* _Try it_
For the material below, return exactly the lines starting at the one holding "Triteleia laxa or" and ending at the one holding "Rain on car window in the evening photo", counting both as part of the range.

* _Dataset extract_
··········

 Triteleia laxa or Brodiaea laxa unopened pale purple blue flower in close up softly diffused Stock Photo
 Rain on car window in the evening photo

··········

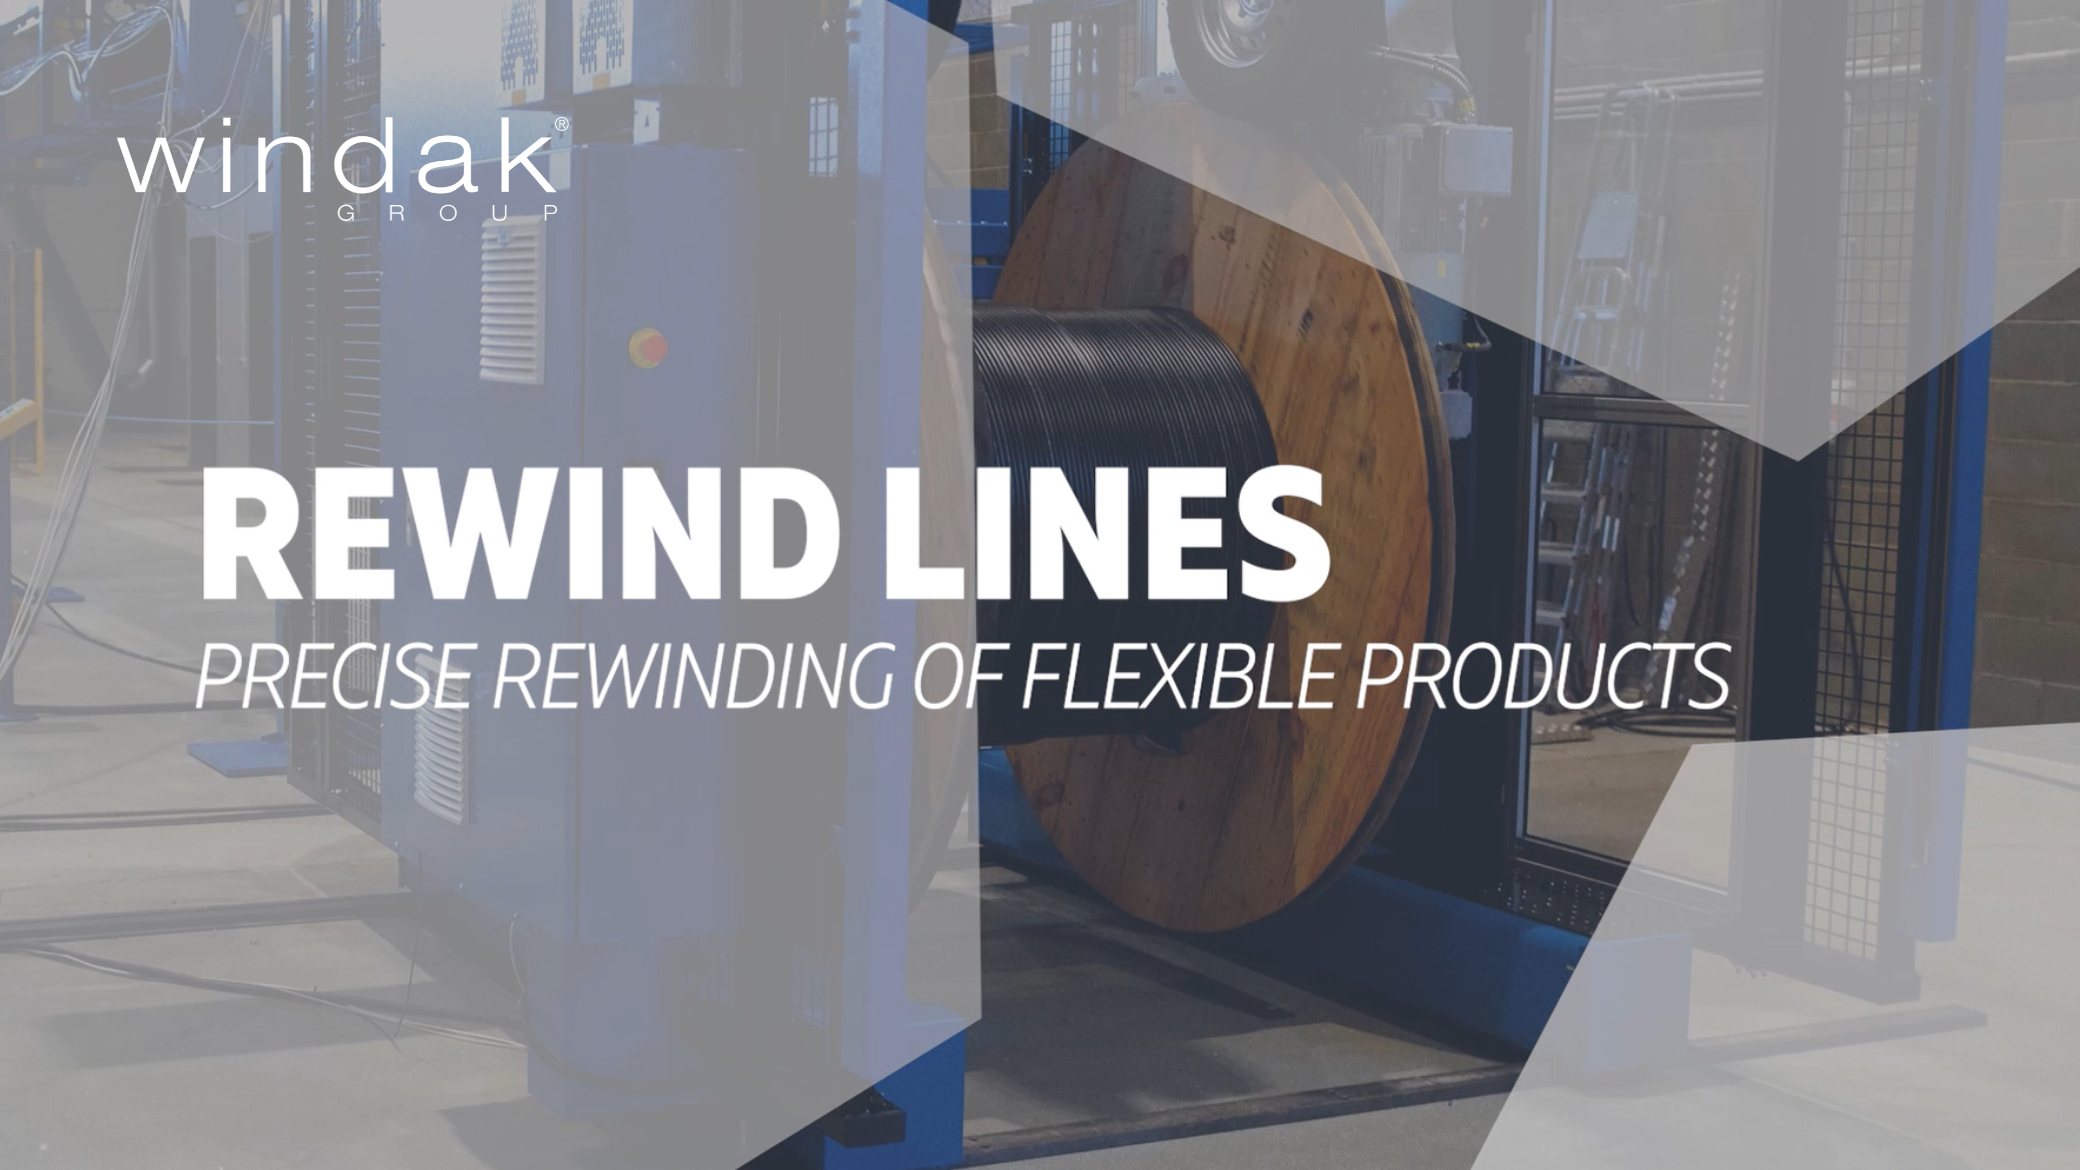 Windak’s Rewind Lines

··········

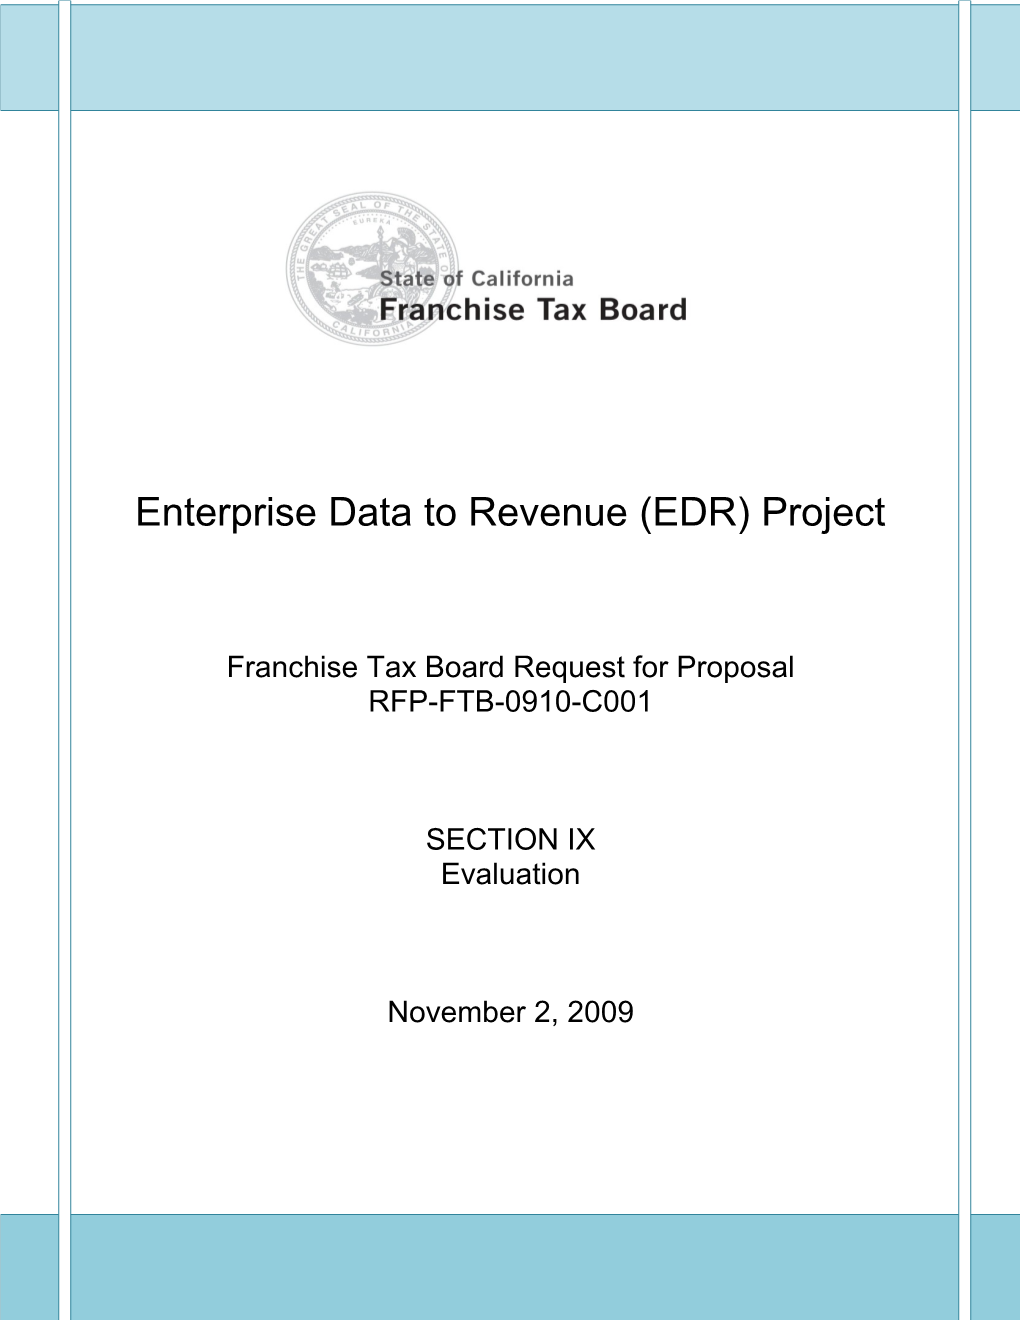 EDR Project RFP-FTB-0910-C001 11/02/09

··········

* _Task result_
 Triteleia laxa or Brodiaea laxa unopened pale purple blue flower in close up softly diffused Stock Photo
 Rain on car window in the evening photo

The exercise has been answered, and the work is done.